▶ **GOAL OF THE EXERCISE**
Tally the lines of the records below that include the word "https", and write down only that tally.

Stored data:
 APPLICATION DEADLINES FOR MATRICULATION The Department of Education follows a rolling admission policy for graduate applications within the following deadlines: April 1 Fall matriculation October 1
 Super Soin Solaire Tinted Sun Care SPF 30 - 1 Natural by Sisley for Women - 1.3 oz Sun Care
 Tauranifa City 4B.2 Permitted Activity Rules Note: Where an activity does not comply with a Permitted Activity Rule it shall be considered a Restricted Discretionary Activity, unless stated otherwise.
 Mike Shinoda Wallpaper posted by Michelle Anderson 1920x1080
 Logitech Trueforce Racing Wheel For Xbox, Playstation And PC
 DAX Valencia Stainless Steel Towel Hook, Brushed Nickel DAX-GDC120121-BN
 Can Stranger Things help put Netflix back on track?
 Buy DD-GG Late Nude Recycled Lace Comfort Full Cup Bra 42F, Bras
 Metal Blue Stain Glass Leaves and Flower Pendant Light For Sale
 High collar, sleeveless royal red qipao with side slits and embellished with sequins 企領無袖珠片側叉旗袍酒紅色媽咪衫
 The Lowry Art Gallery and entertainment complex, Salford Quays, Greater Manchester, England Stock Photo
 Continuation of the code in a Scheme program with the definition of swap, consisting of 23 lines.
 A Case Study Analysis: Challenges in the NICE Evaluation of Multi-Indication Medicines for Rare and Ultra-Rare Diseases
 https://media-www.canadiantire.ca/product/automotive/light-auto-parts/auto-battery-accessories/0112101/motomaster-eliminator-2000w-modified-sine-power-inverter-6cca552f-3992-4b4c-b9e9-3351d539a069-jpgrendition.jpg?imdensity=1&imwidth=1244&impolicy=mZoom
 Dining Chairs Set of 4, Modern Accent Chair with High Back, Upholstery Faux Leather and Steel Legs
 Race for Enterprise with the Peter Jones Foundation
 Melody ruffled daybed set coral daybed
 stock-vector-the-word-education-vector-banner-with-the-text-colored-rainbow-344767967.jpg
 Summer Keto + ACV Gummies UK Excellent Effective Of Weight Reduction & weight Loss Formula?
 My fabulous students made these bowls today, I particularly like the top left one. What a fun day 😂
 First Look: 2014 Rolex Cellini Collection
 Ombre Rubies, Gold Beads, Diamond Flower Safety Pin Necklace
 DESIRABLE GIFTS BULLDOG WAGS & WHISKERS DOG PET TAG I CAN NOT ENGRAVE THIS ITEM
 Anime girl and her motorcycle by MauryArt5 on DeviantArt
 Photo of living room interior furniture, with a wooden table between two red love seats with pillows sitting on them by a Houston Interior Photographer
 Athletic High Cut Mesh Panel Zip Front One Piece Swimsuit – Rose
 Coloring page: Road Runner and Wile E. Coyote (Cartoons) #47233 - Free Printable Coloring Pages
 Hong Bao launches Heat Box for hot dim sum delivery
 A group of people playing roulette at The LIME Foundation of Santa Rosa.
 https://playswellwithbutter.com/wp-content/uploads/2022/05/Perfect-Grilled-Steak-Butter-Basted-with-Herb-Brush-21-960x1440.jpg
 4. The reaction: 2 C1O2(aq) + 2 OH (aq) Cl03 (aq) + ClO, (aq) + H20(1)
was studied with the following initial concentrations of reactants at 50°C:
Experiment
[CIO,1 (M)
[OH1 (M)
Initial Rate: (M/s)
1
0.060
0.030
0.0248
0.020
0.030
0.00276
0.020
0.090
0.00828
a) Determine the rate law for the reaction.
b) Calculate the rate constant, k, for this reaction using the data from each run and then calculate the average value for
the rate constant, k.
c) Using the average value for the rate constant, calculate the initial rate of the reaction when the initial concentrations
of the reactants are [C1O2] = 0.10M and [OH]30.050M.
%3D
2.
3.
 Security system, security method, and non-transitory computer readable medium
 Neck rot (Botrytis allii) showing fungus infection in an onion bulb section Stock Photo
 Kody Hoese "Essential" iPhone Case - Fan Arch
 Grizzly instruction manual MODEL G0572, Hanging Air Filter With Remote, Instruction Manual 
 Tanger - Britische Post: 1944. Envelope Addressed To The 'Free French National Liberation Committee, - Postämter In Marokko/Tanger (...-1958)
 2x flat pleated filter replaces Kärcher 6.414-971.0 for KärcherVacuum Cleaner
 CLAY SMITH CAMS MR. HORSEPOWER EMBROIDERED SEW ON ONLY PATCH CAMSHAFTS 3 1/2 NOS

▶ **OUTPUT FOR THIS TASK**
2